I am an invisible man. No, I am not a spook like those who haunted Edgar Allen Poe; nor am I one of your Hollywood-movie ectoplasms. I am a man of substance, of flesh and bone, fiber and liquids--and I might even be said to possess a mind. I am invisible, understand, simply because people refuse to see me. Like the bodiless heads you see sometimes in circus sideshows, it is as though I have been surrounded by mirrors of hard, distorting glass. When they approach me they see only my surroundings, themselves, or figments of their imagination indeed, everything except me.

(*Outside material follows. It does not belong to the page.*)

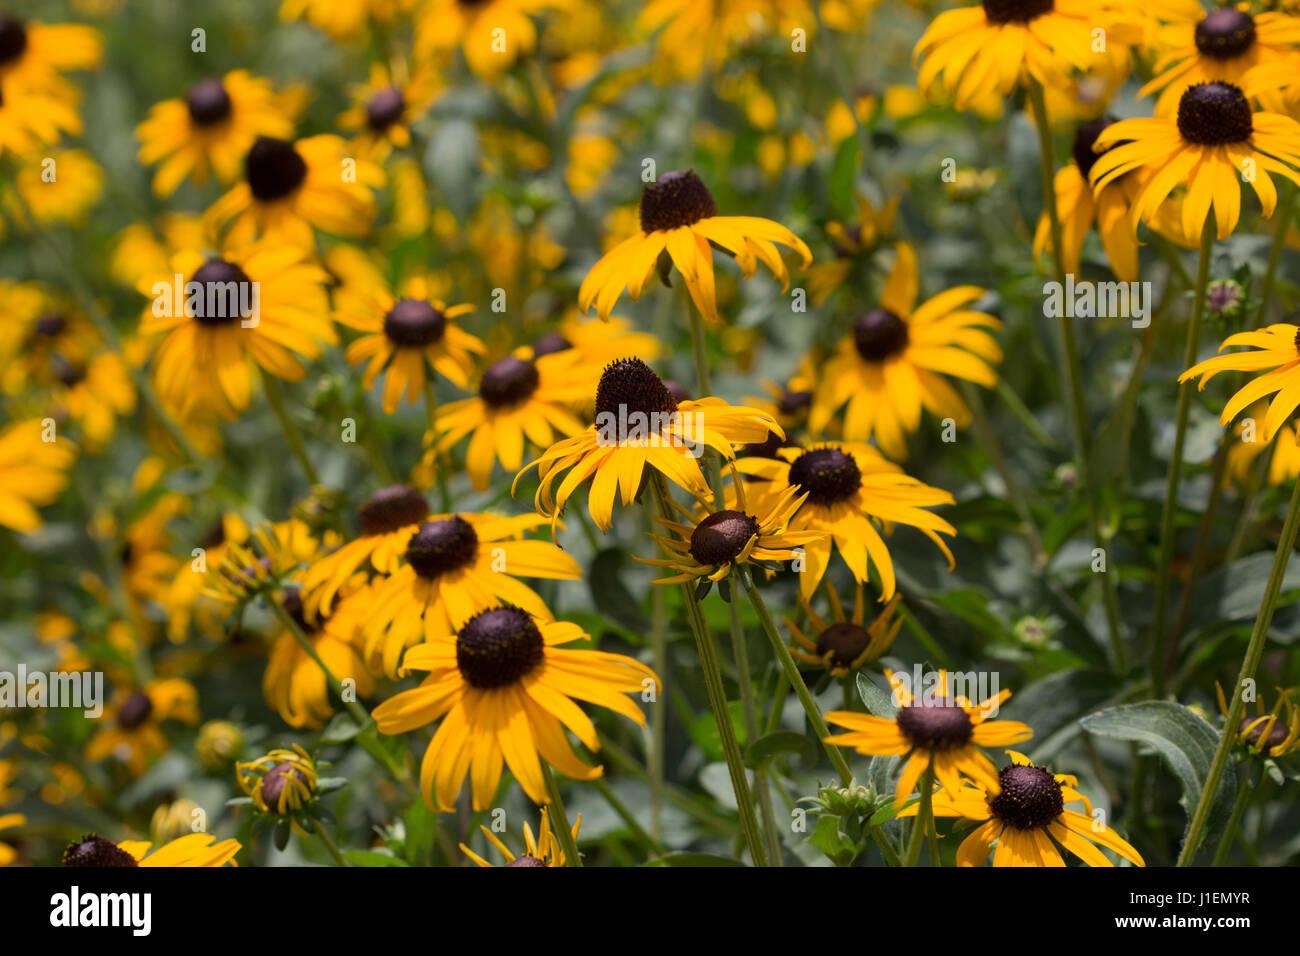 Yellow Coneflower Field Stock Photos Yellow Coneflower Field Stock

- Invisible Man (prologue), Ralph Ellison
More than 50 years after Ralph Ellison's classic Invisible Man appeared, a black man may well be poised to become President, and yet, Black America as a whole still remains virtually invisible, describable in exactly the same terms that Ellison used:
I am invisible, understand, simply because people refuse to see me. Like the bodiless heads you see sometimes in circus sideshows, it is as though I have been surrounded by mirrors of hard, distorting glass. When they approach me they see only my surroundings, themselves, or figments of their imagination indeed, everything except me.
You make think this is an exaggeration. If so, this diary is a challenge to think again.
Let's cut right to the chase: This year, we can expect anti-affirmative action initiatives to placed on the ballot in certain key swing states with the intention of generating white backlash to defeat the Democratic candidate-particularly if that candidate is Barack Obama. Yet, at the same time, it's been shown that employers, on average, will hire white ex-felons more readily than they will hire similarly-qualified blacks with no prison record. The notion of hordes of Black workers taking jobs from more qualified Whites is sheer fantasy-the exact opposite of what happens every day of the week, all across America.